Mr Clarron suddenly became a whirlwind of activity, for at this point any lapse of more than a few seconds might have to be accounted for.

He hustled out of the room, across the landing, and into his own bedroom. In the top drawer of his dressing table lay a clean pair of white cotton gloves. As he picked them up and rapidly pulled them on, there was disclosed underneath them a light claw-ended crowbar of the type used for opening small crates — which Mrs Jafferty had purchased a week ago at the local ironmonger’s in the course of her household errands. Mr Clarron hurried back with it to his wife’s bedside.

Her jewels were kept in the top drawer of the bedside table, where she could easily reach them. As a concession to his concern for their safety she had had a combination lock put on it and made a coy secret of the combination, even though he had tried to point out that the drawer was still no stronger than the wood it was made of. He proved this in a matter of seconds with a couple of quick leverings with his crowbar, splintering the front of the drawer out with a pleasantly surprising minimum of noise.

He pulled out her jewel case, opened it on top of the night stand, and rapidly transferred its contents to his pockets. He let the crowbar lie on the floor where it had fallen. He leaned over his wife, unfastened the clasp at the back of her neck, and pulled the necklace and its sapphire pendant from under her. He picked up her hand to twist the rings off her fingers… He did not know precisely what stopped him, whether it was a movement glimpsed out of the corner of his eye or the faint squeak and stir of air that went with it. But he turned his head, and with that became frozen.

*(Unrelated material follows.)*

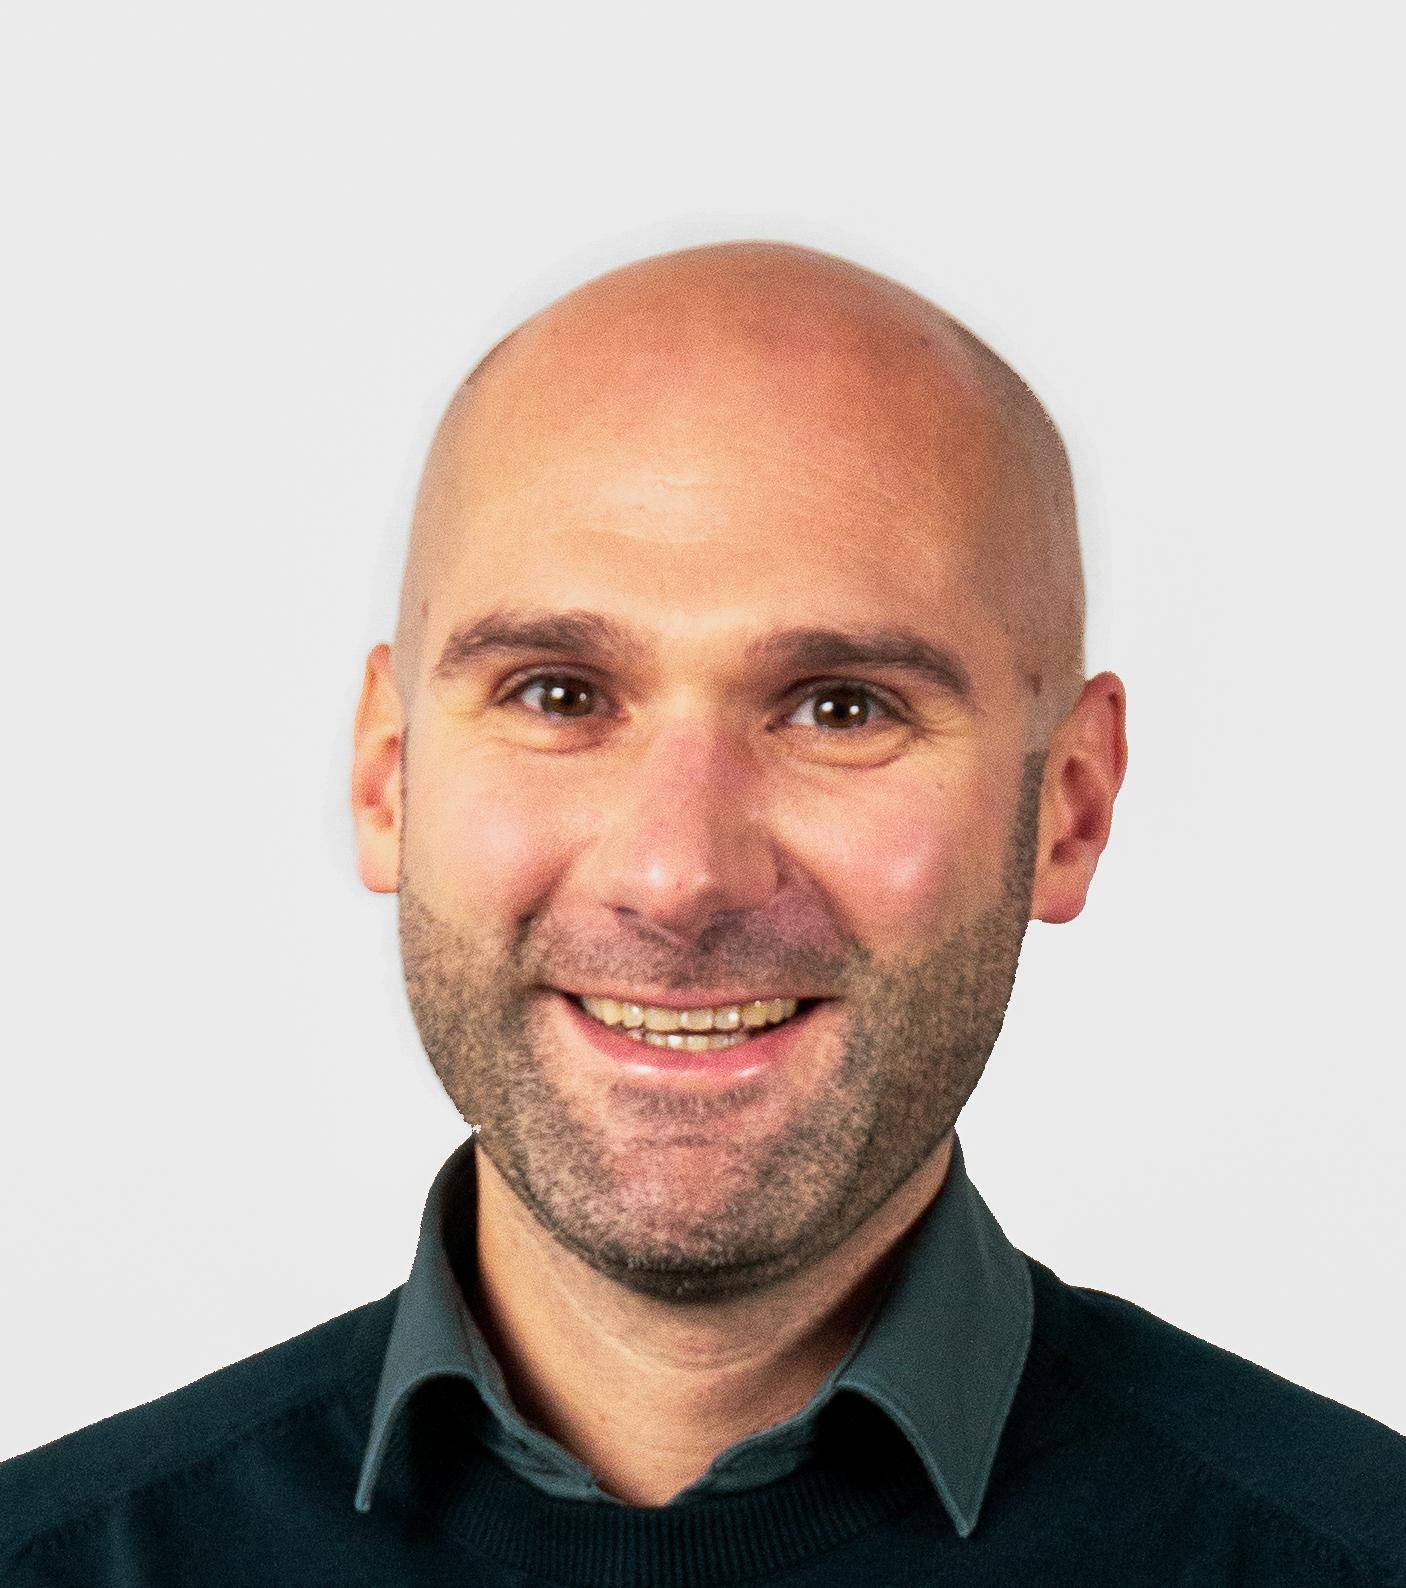 Christophe Soens

The door of a massive old wardrobe across the room was swinging stealthily open.

The door itself cut off the light of the bedside lamp from what was inside. But the shadowed opening was still not too dark for him to see, and recognize, the bulgingly bovine shape of Mrs Jafferty, the unmistakable mound of her atrociously carrot-tinted hair. Mr Clarron’s intestines seemed to turn into coils of quivering lead, and his lungs sagged through his diaphragm and took all his breath with them. A draught from the North Pole squirmed over his skin and brought out beads of clammy sweat where it touched.

“Faith an’ begorra,” said the broadest brogue outside Killarney, “if it isn’t himself robbin’ the trinkets from his poor darlin’ wife, and her not yet cold from his poison an’ all!”

There was a breaking point even to Mr Clarron’s adamantine self-control. He turned and ran out of the room, screaming.

He had no idea where he was going or what he was going to do. He stumbled down the stairs in a pure frenzy of planless flight, flight for its own primitive sake, spurred by the unreasoning need to get away anywhere from the impossible incomprehensible thing that he had seen. Out of the house, anywhere, where he could have one moment’s reprieve to encompass the exploding debris of disaster, to try and grab the pieces together and re-shape them into some form that would magically ward off utter catastrophe…

He threw open the front door and plunged solidly into the comfortably cushioned façade of Chief Inspector Claud Eustace Teal.

Mr Teal said, “Oof!” — and caught him as he bounced off, then set him upright in the hall.

“What’s the matter, Mr Clarron?” Teal asked drowsily.

As his torpid bulk evacuated the doorway, it revealed two uniformed men on the step outside.